Your objective >>
Look through the material below and copy exactly the lines from the line with "Evolution Group Stříbrné" to the line with "02b83f45a15 💚NWOT💚 torrid", those two lines included.

Data extract >>
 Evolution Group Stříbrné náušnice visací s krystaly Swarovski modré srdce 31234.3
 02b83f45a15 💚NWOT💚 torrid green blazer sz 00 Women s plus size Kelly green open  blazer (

...

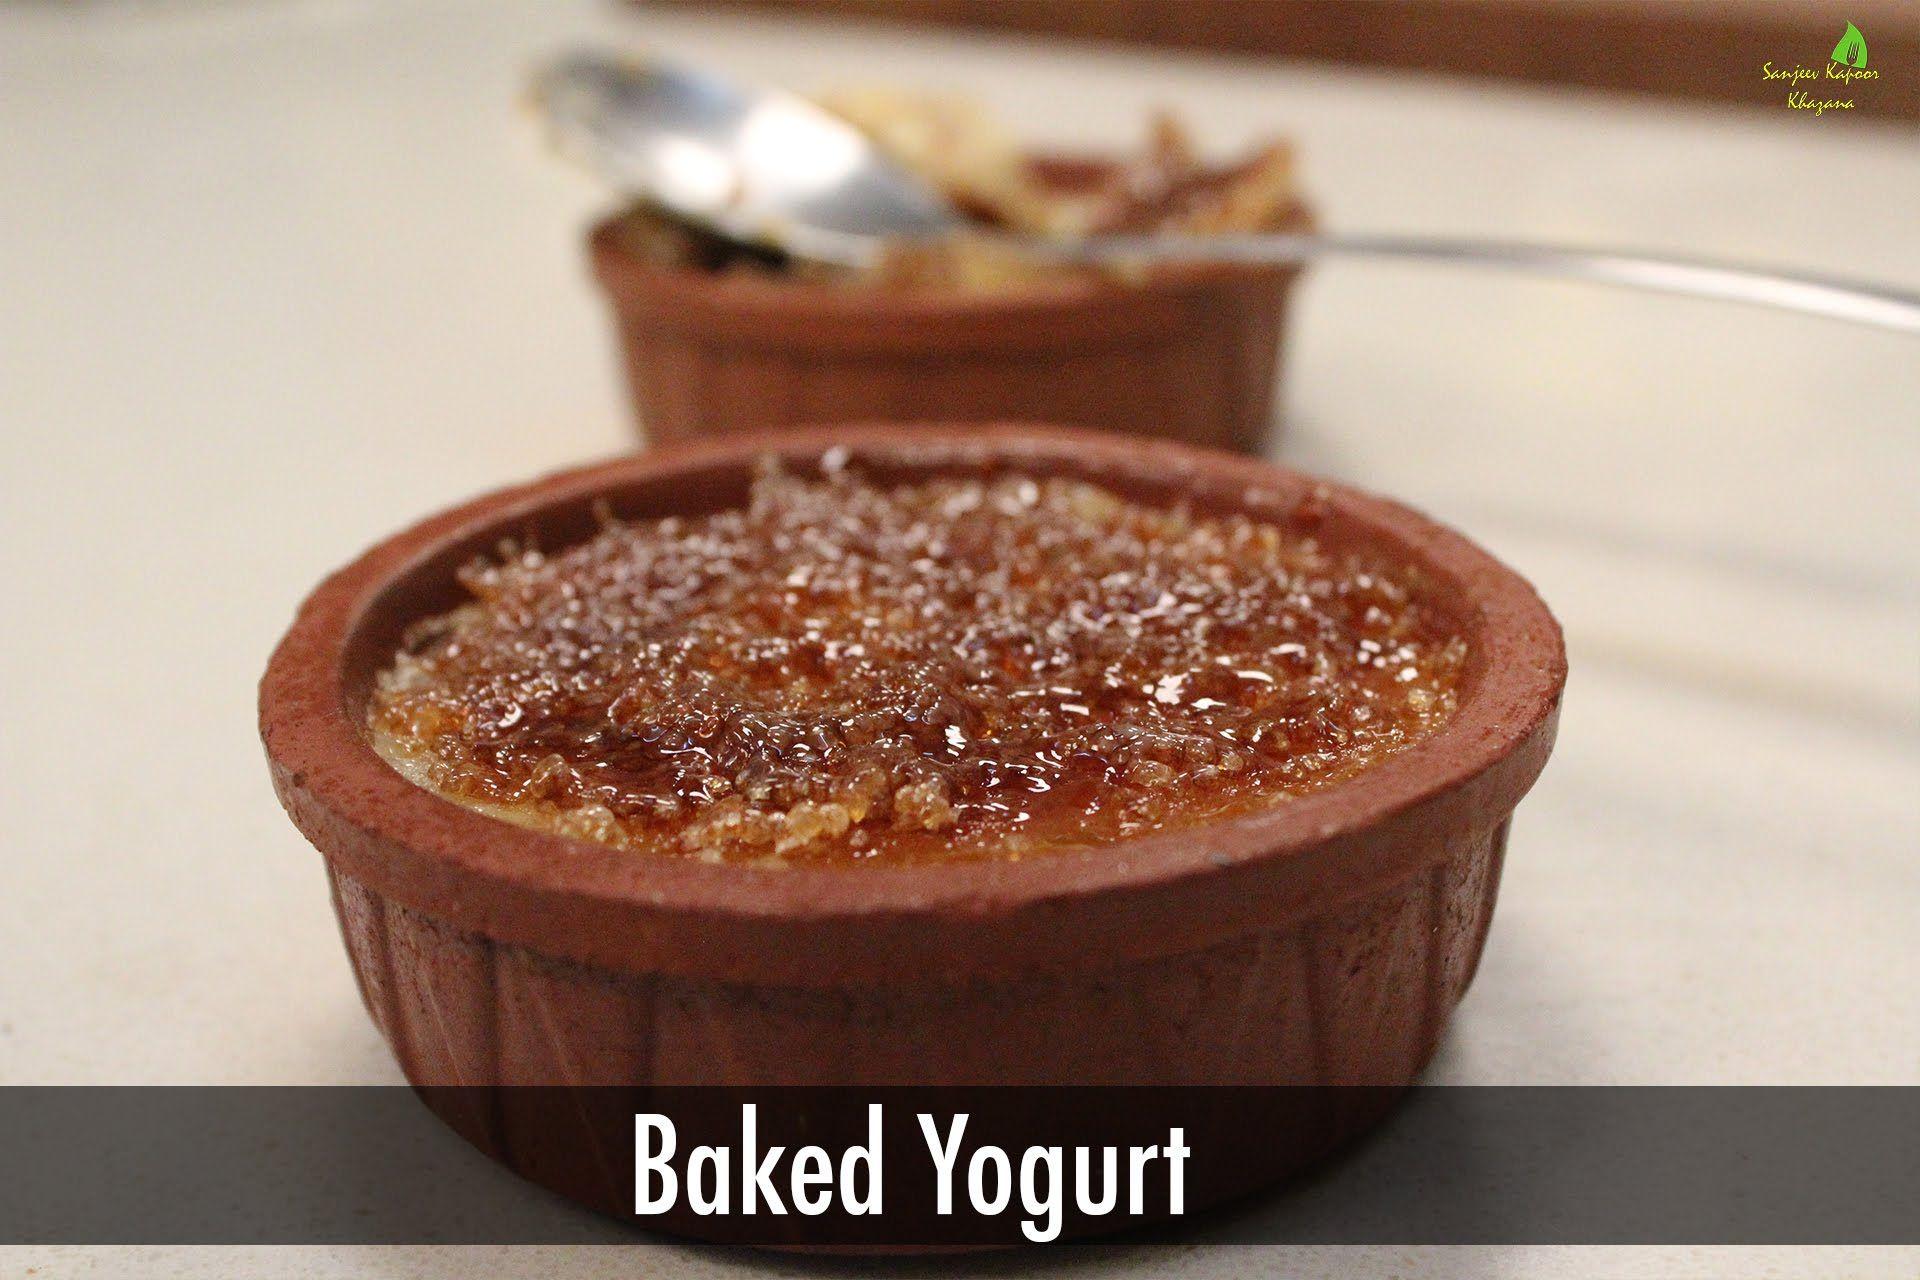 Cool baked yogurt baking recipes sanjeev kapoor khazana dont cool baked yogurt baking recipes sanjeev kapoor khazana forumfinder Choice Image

Answer space >>
 Evolution Group Stříbrné náušnice visací s krystaly Swarovski modré srdce 31234.3
 02b83f45a15 💚NWOT💚 torrid green blazer sz 00 Women s plus size Kelly green open  blazer (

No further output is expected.